• **Exercise**:
Reproduce everything from the line that contains "010-151 Exam Dumps 2021" down to the line that contains "Memory Trees Appeal, Campden Home Nursing" in the listing below, word for word and nothing more. Leave the pictures out.

• **Extracted information**:
----------
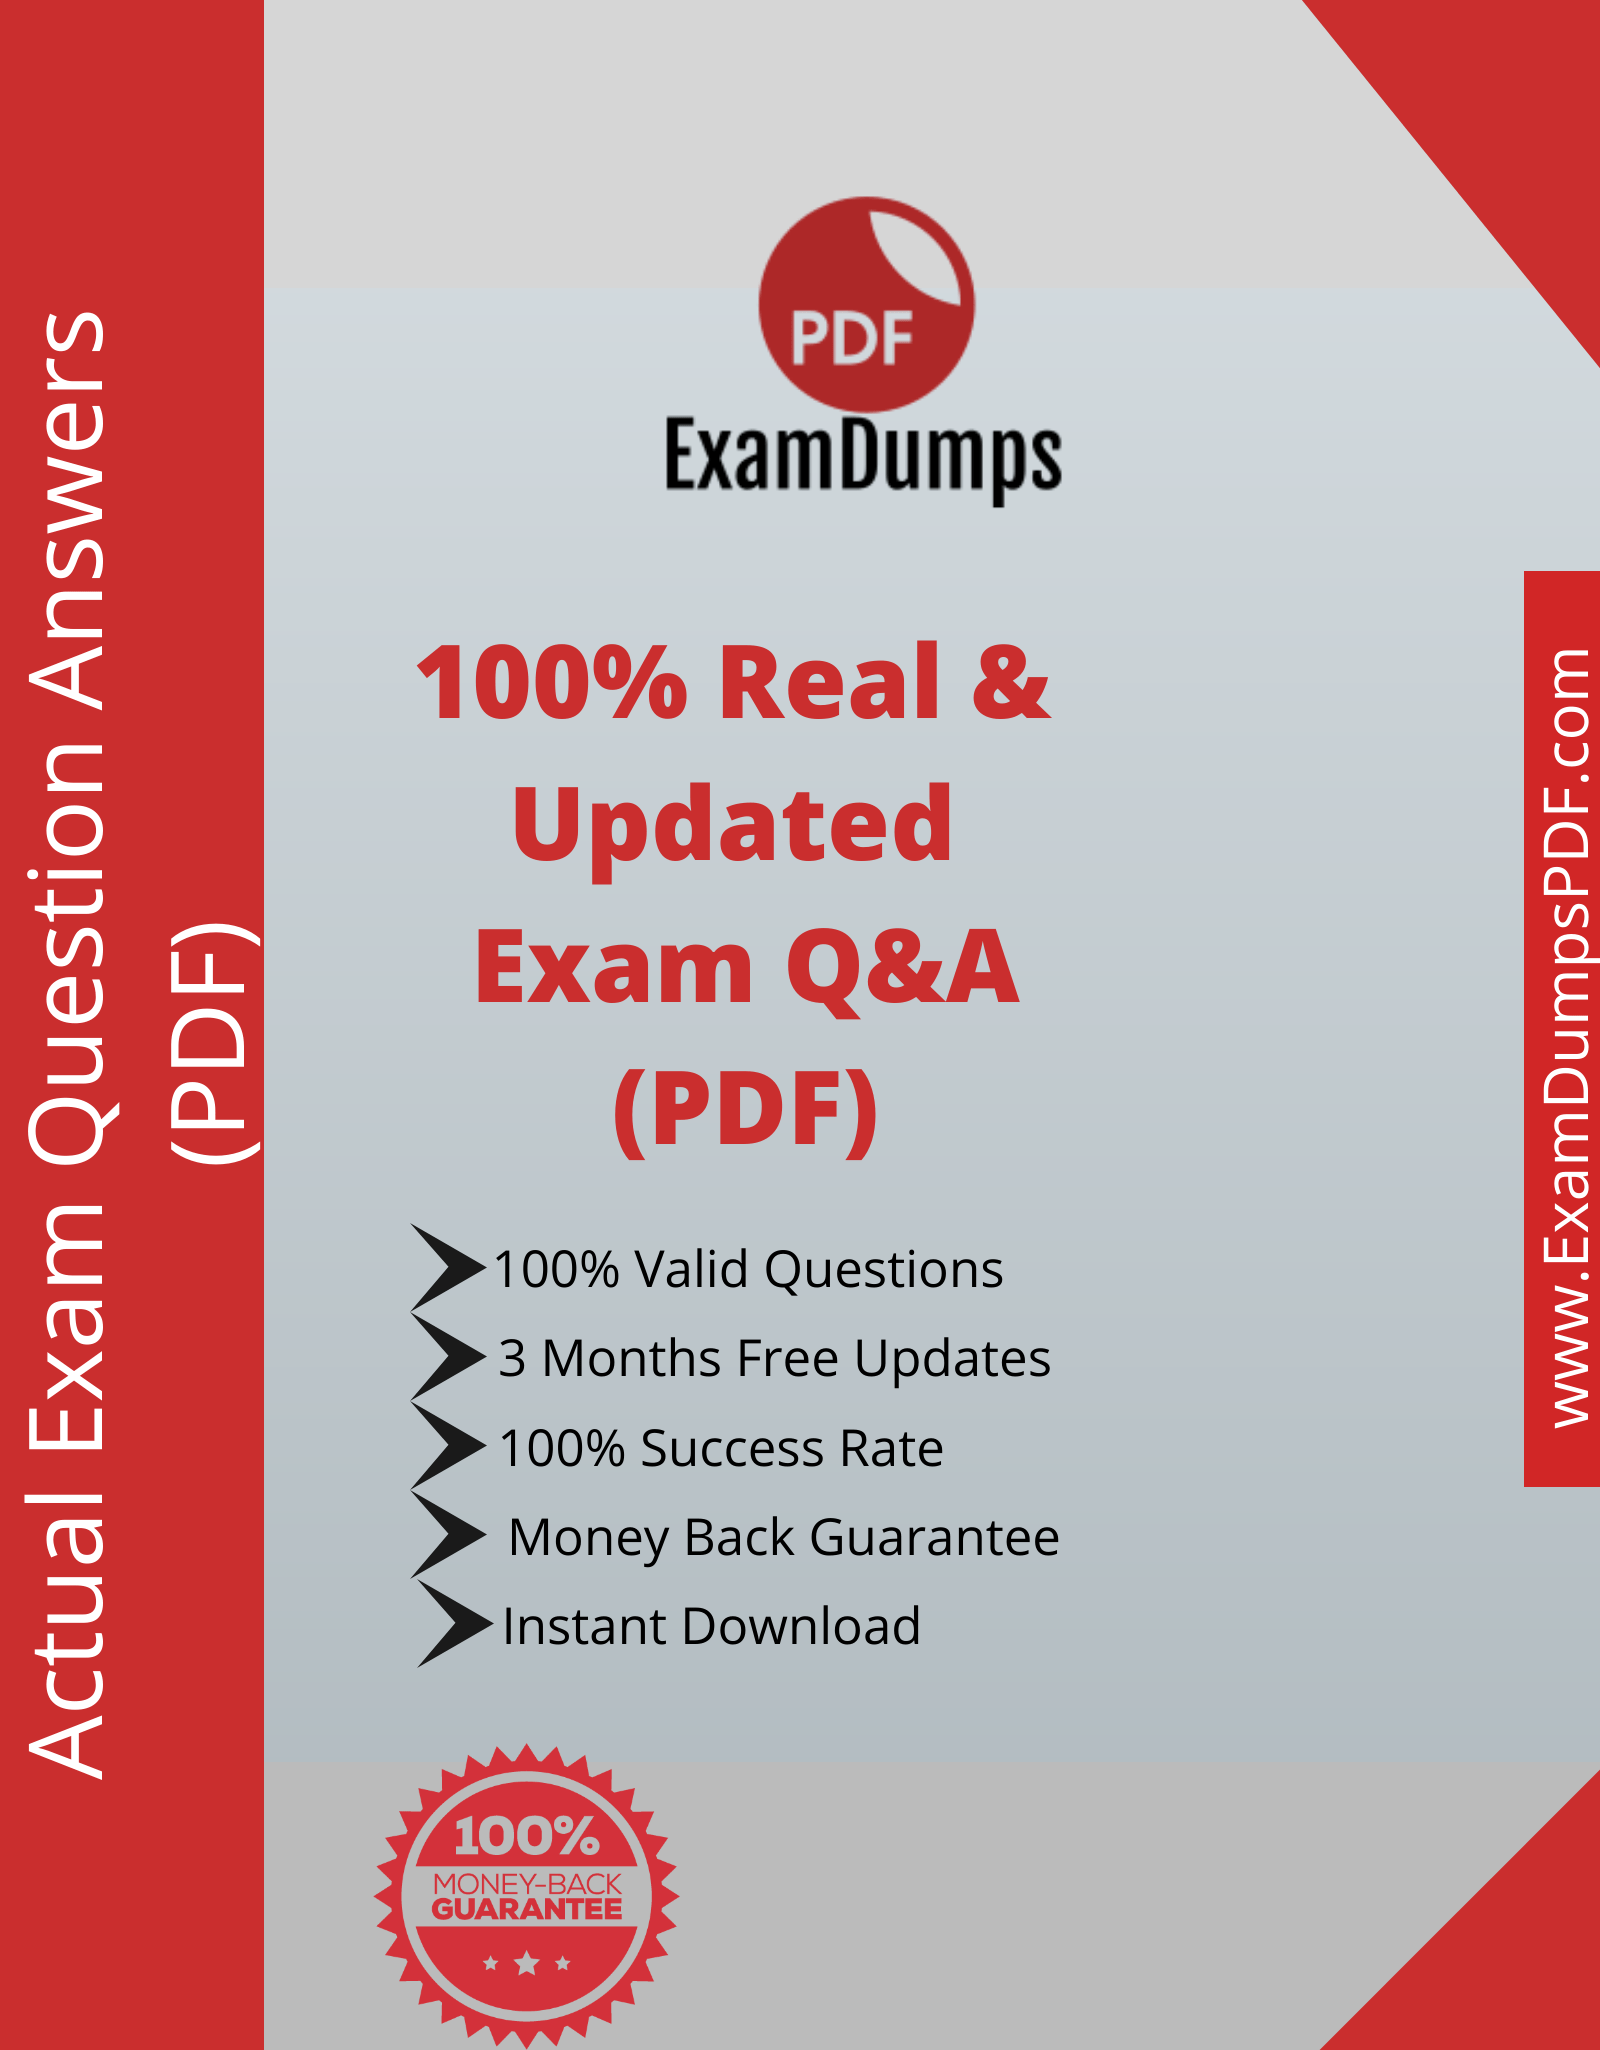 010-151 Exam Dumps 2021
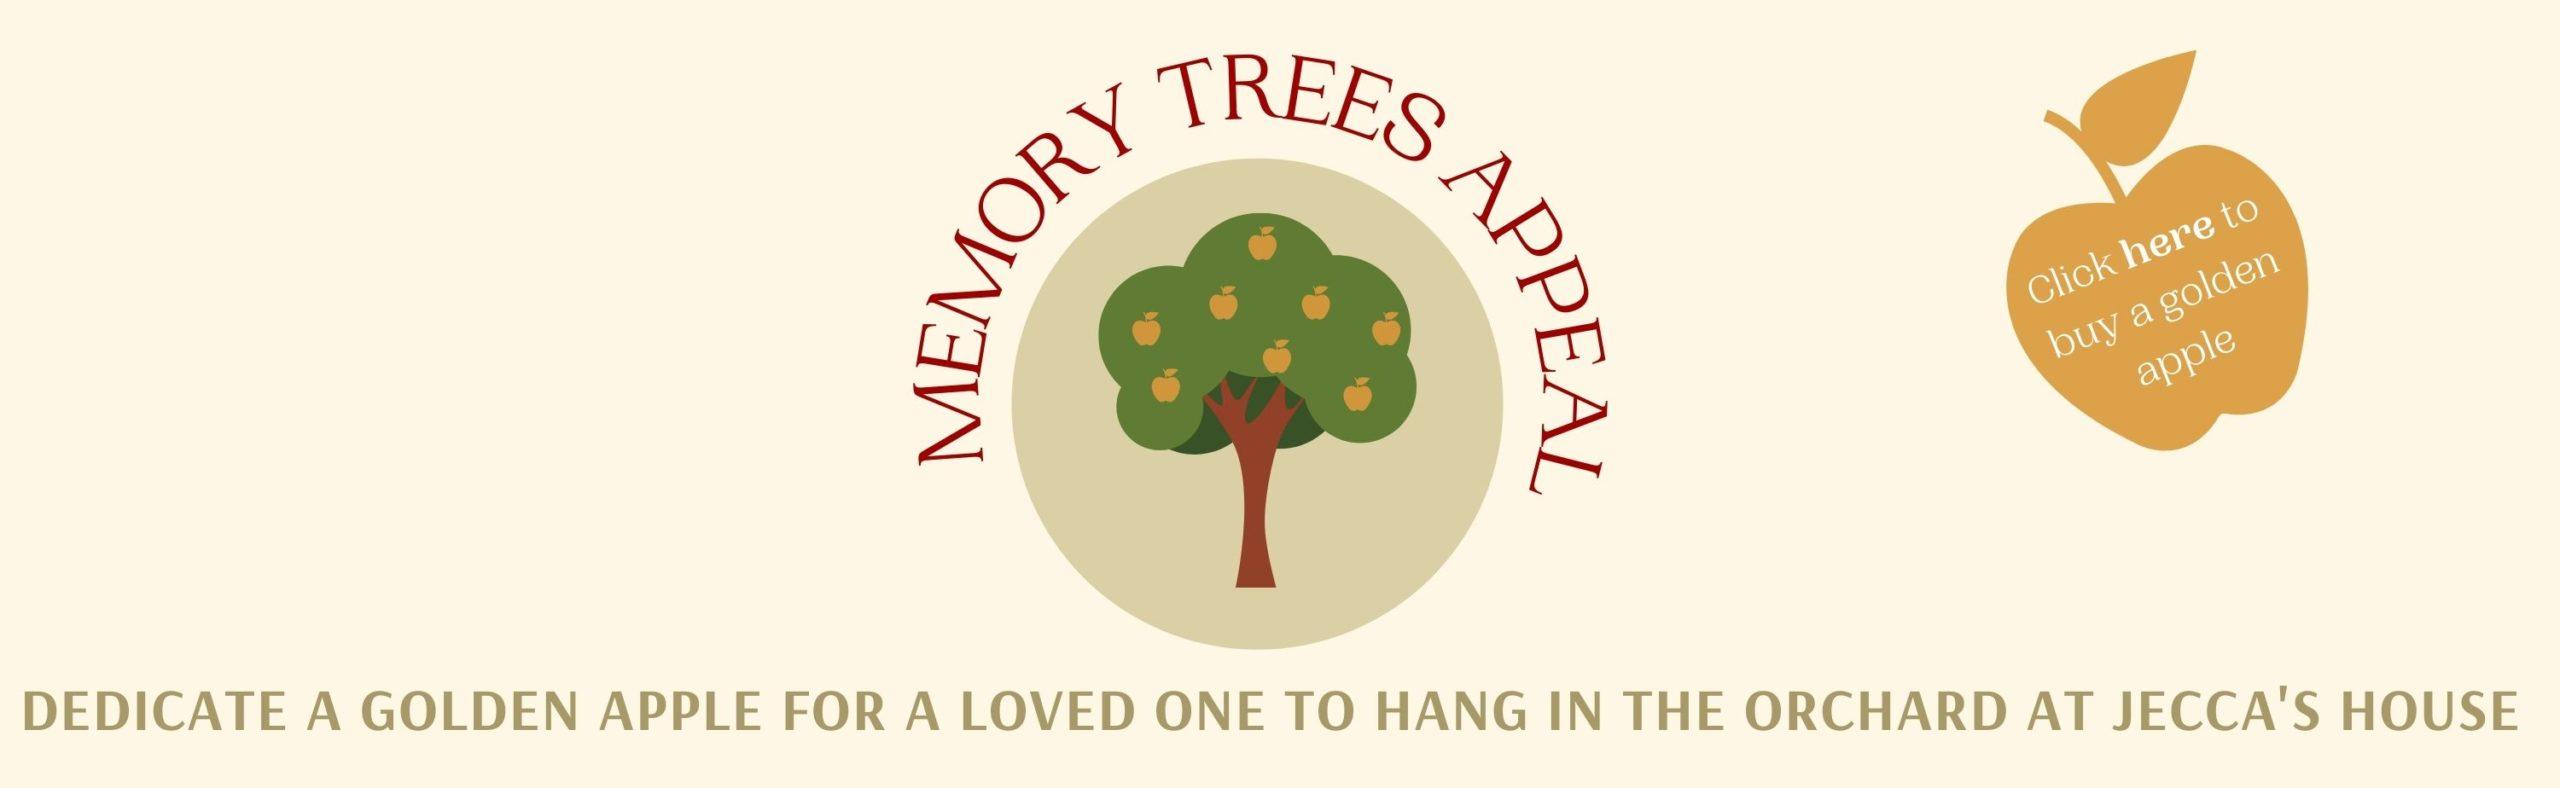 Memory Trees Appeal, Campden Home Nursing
----------
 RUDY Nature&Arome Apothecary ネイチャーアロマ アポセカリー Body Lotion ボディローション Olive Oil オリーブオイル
----------
• **Exercise output**:
 010-151 Exam Dumps 2021
 Memory Trees Appeal, Campden Home Nursing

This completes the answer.